WHAT TO DO — Everything in the data that follows should be given again verbatim, except the images.

SUPPLIED DATA —
+ + + +

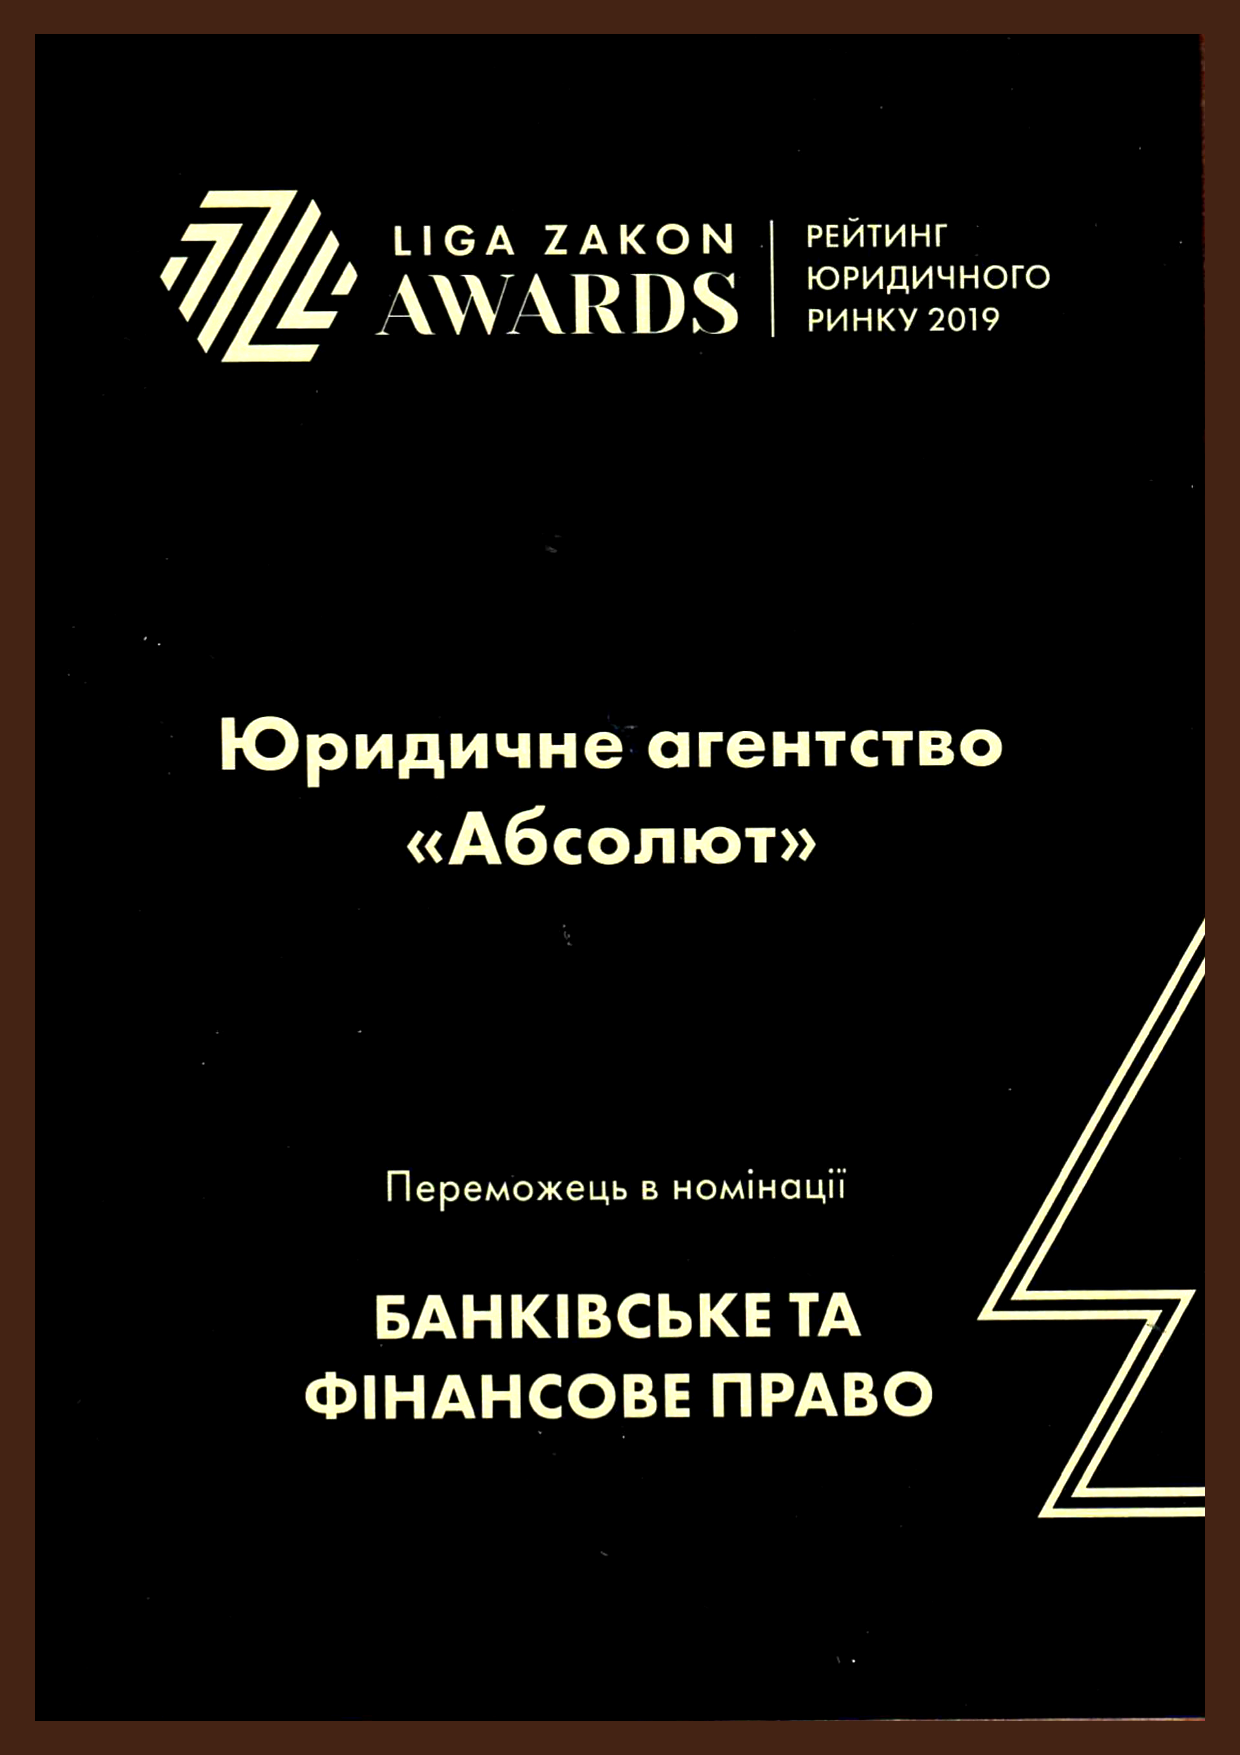 ЮА «Абсолют» – победитель в номинации «Банковское и финансовое право»
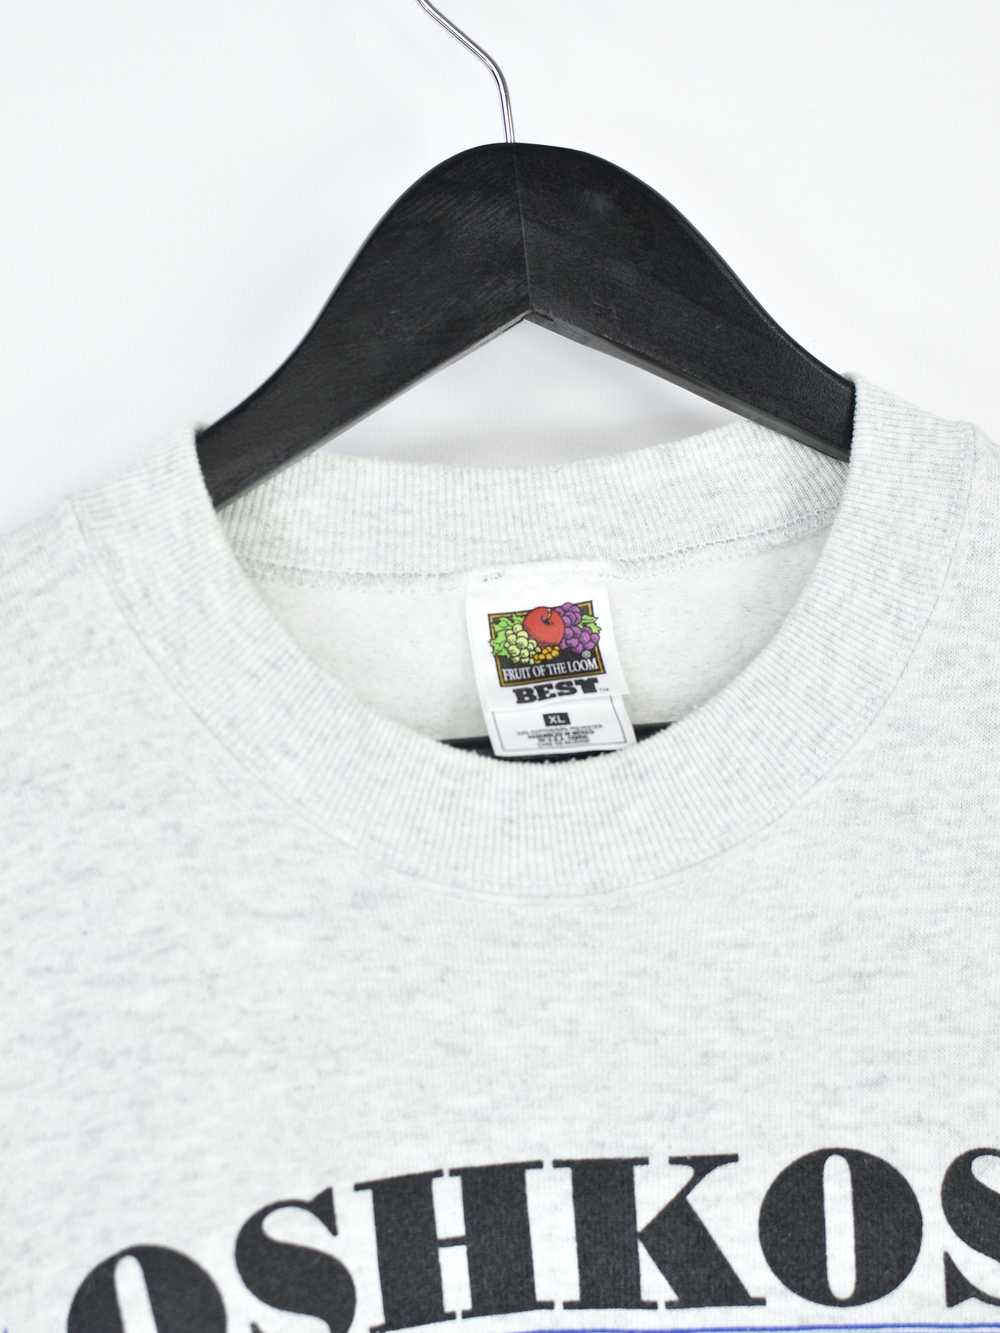 Oshkosh × Vintage Vintage Oshkosh 1997 Sweatshirt - image 4
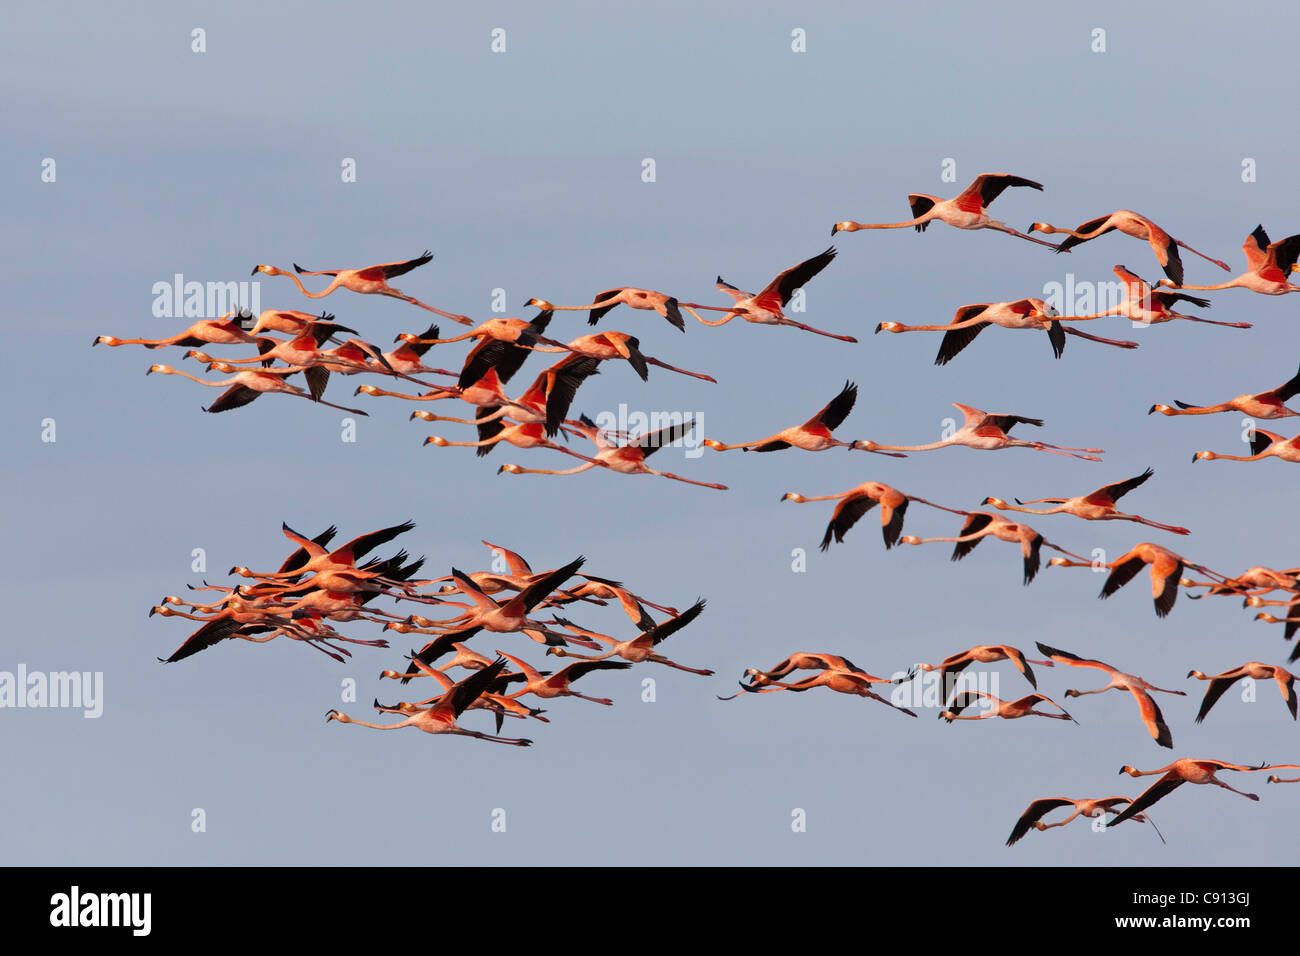 The Netherlands, Bonaire Island, Dutch Caribbean, Kralendijk, American or Caribbean Flamingo ( Phoenicopterus ruber ). Stock Photo

+ + + +

ANSWER BOX —
 ЮА «Абсолют» – победитель в номинации «Банковское и финансовое право»
 Oshkosh × Vintage Vintage Oshkosh 1997 Sweatshirt - image 4
 The Netherlands, Bonaire Island, Dutch Caribbean, Kralendijk, American or Caribbean Flamingo ( Phoenicopterus ruber ). Stock Photo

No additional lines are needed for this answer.